General Education Outcomes supported by this course
Communications - Direct, Critical Thinking - Direct
Other college designations supported by this course
Infused: Writing Intensive
Course Learning Outcomes
Knowledge:
- Read effectively for multiple purposes.
- Learn key rhetorical concepts through analyzing a variety of texts.
- Shape their writing in terms of audience and purpose.
- Develop knowledge of linguistic structures, including grammar, punctuation, and spelling, through practice in composing and revising.
Application:
- Use key rhetorical concepts to compose a variety of texts, including research-backed argument with a revelatory claim and effective support.

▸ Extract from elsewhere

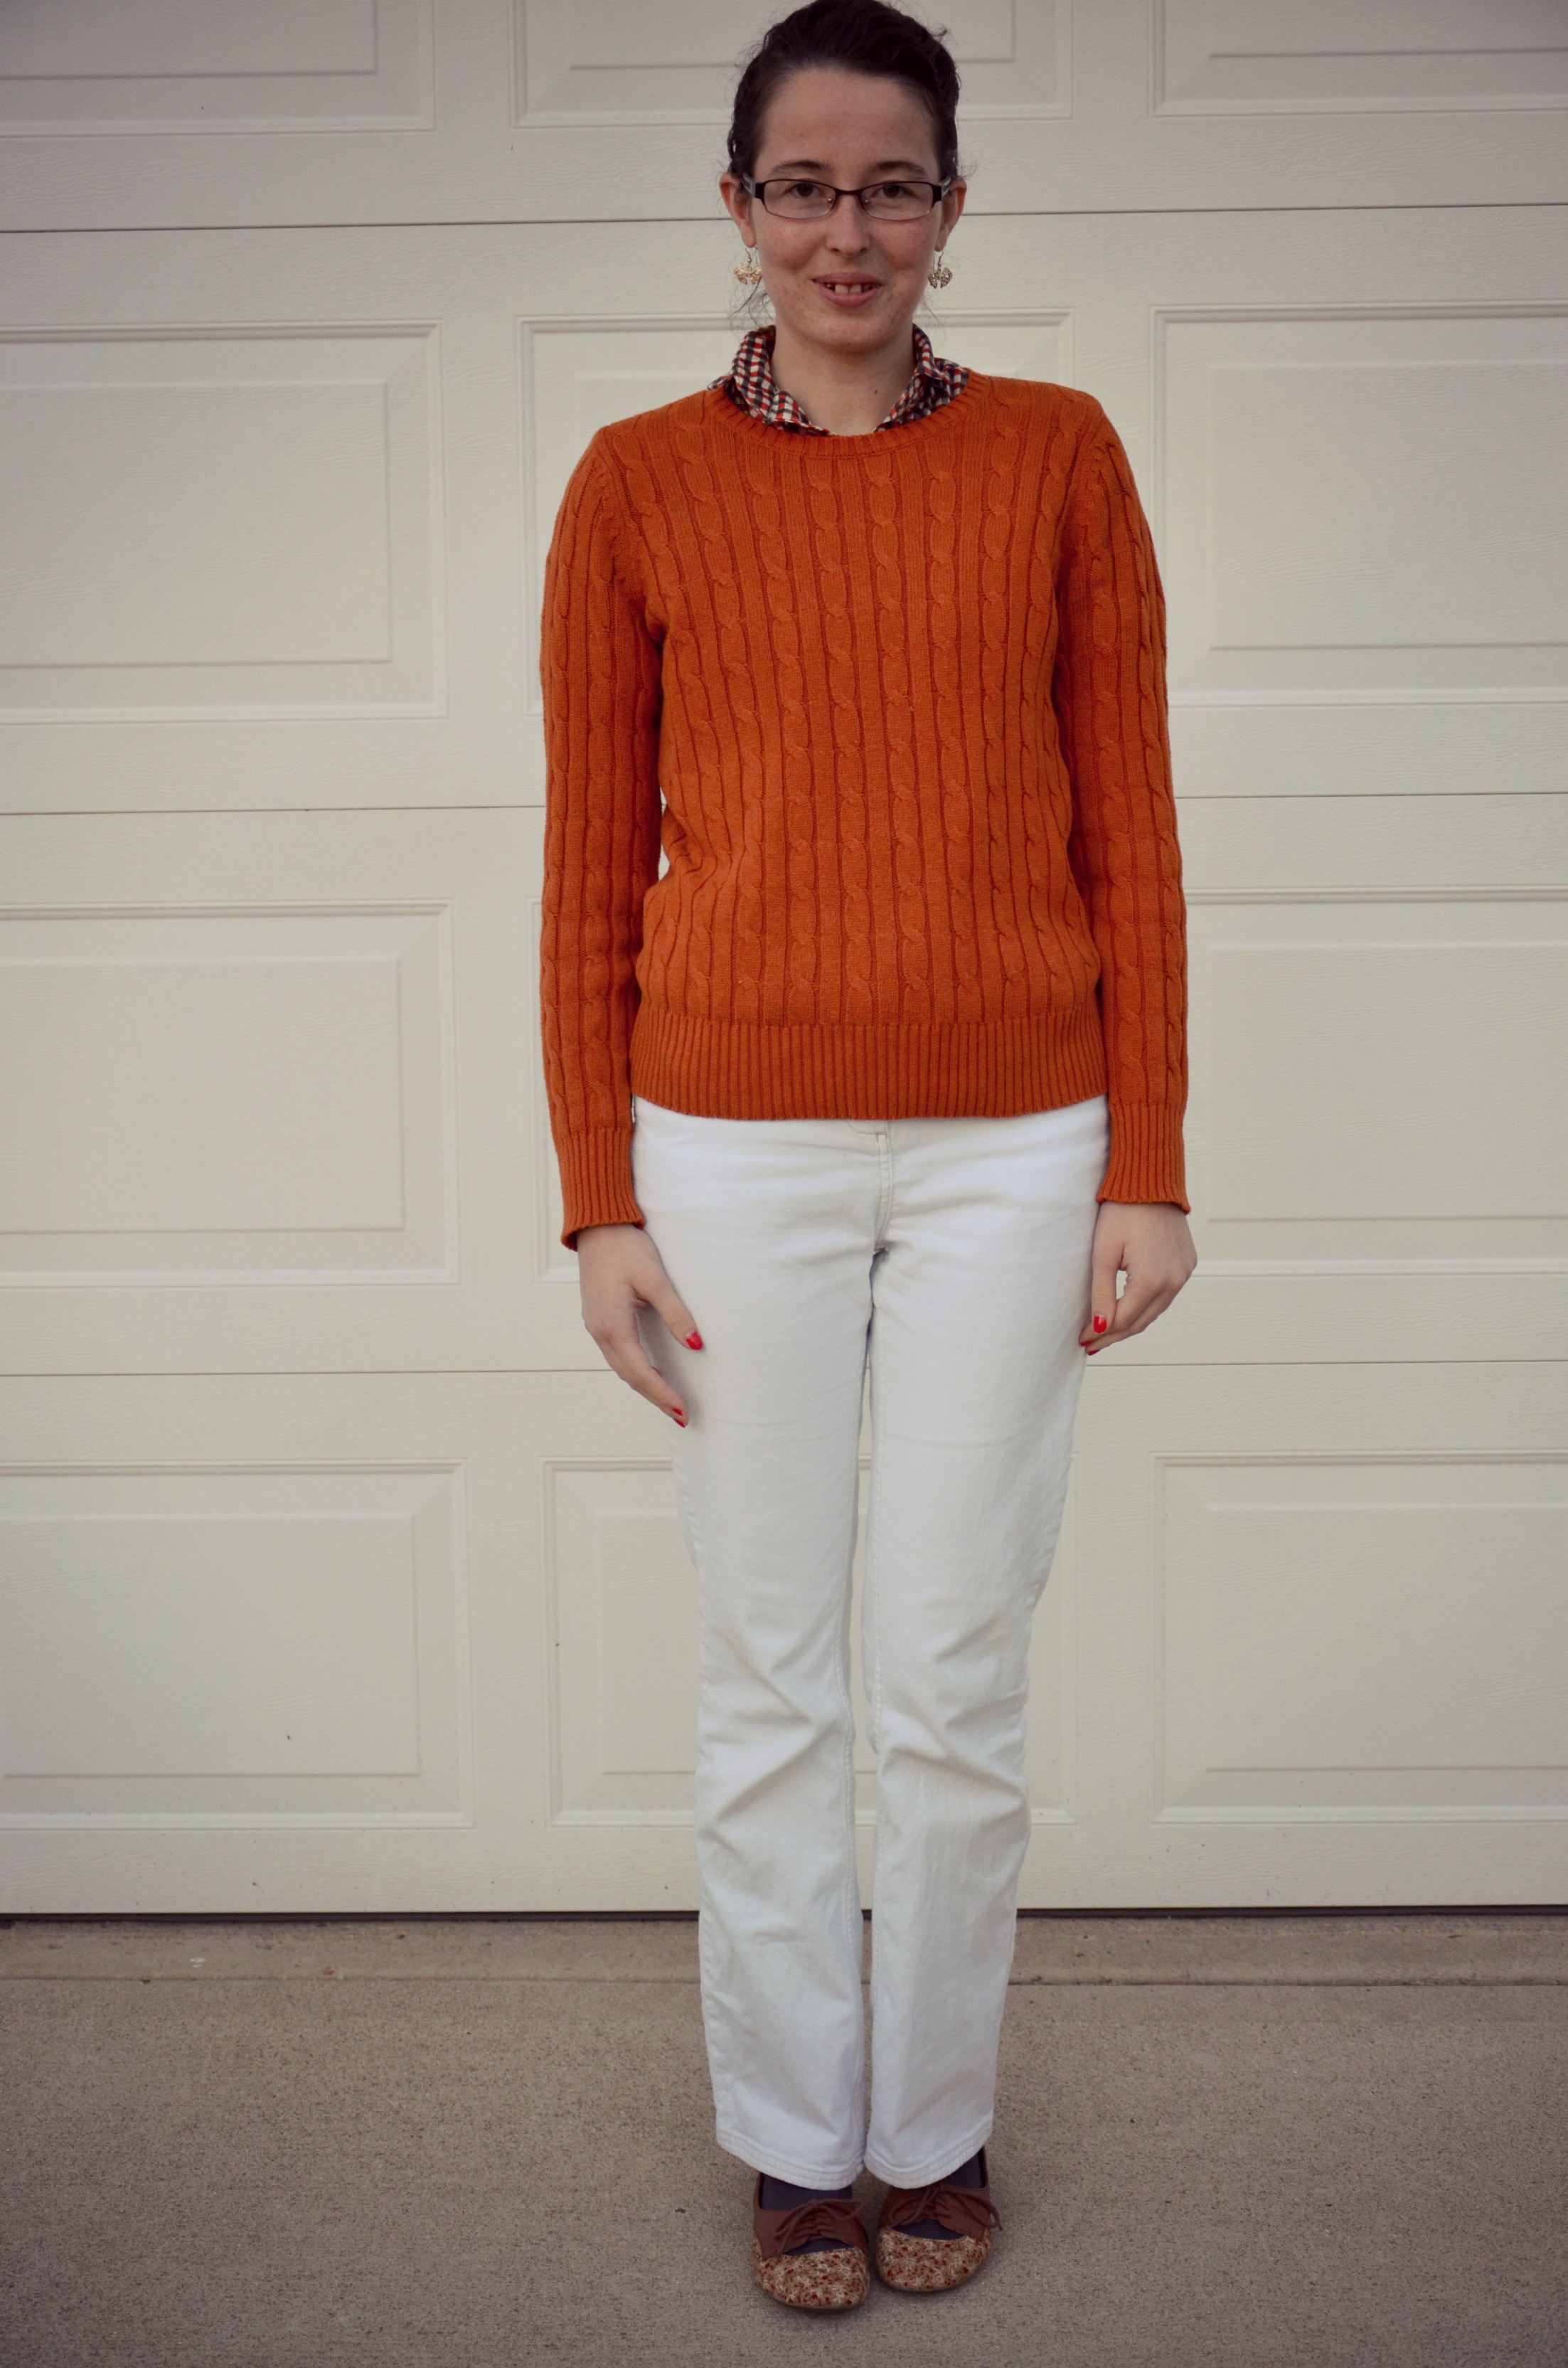 What I Wore - Time is Love ❘ Modest ❘ Fashion ❘ Fall ❘ Wearing White Jeans in the Fall ❘ Boden

- Respond to a variety of situations and contexts calling for purposeful shifts in voice, tone, level of formality, design, medium and/or structure.
- Use a variety of technologies to address a range of audiences.
- Use composing processes as a means to discover and reconsider ideas.
Integration:
- Locate and access academic and popular sources.
- Effectively evaluate (for relevance, credibility, accuracy, bias and so on) those sources.
- Synthesize information and ideas from source material.
- Make connections between their own ideas, opinions, experiences, and expertise and those of others.
Human Dimension:
- Analyze and evaluate their own thinking and the thinking of others.
- Interact productively in giving and receiving constructive feedback.
- Recognize themselves as writers and arguers.
- See the world from other points of view.
Caring - Civic Learning:
- Examine topics that contain local and personal connections to issues that directly affect both them and their communities.
- Become more interested in the implications of a variety of topics on both themselves and their communities.
- Contribute to an ongoing conversation about a topic.
Learning How to Learn:
- Recognize their own writing processes.
- Effectively manage large, long-term projects.
- Develop collaborative and recursive strategies for generating, revising, editing, and proof-reading texts.
- Develop strategies for effectively reading a variety of texts.
- Imagine new possibilities for their own and other's written work.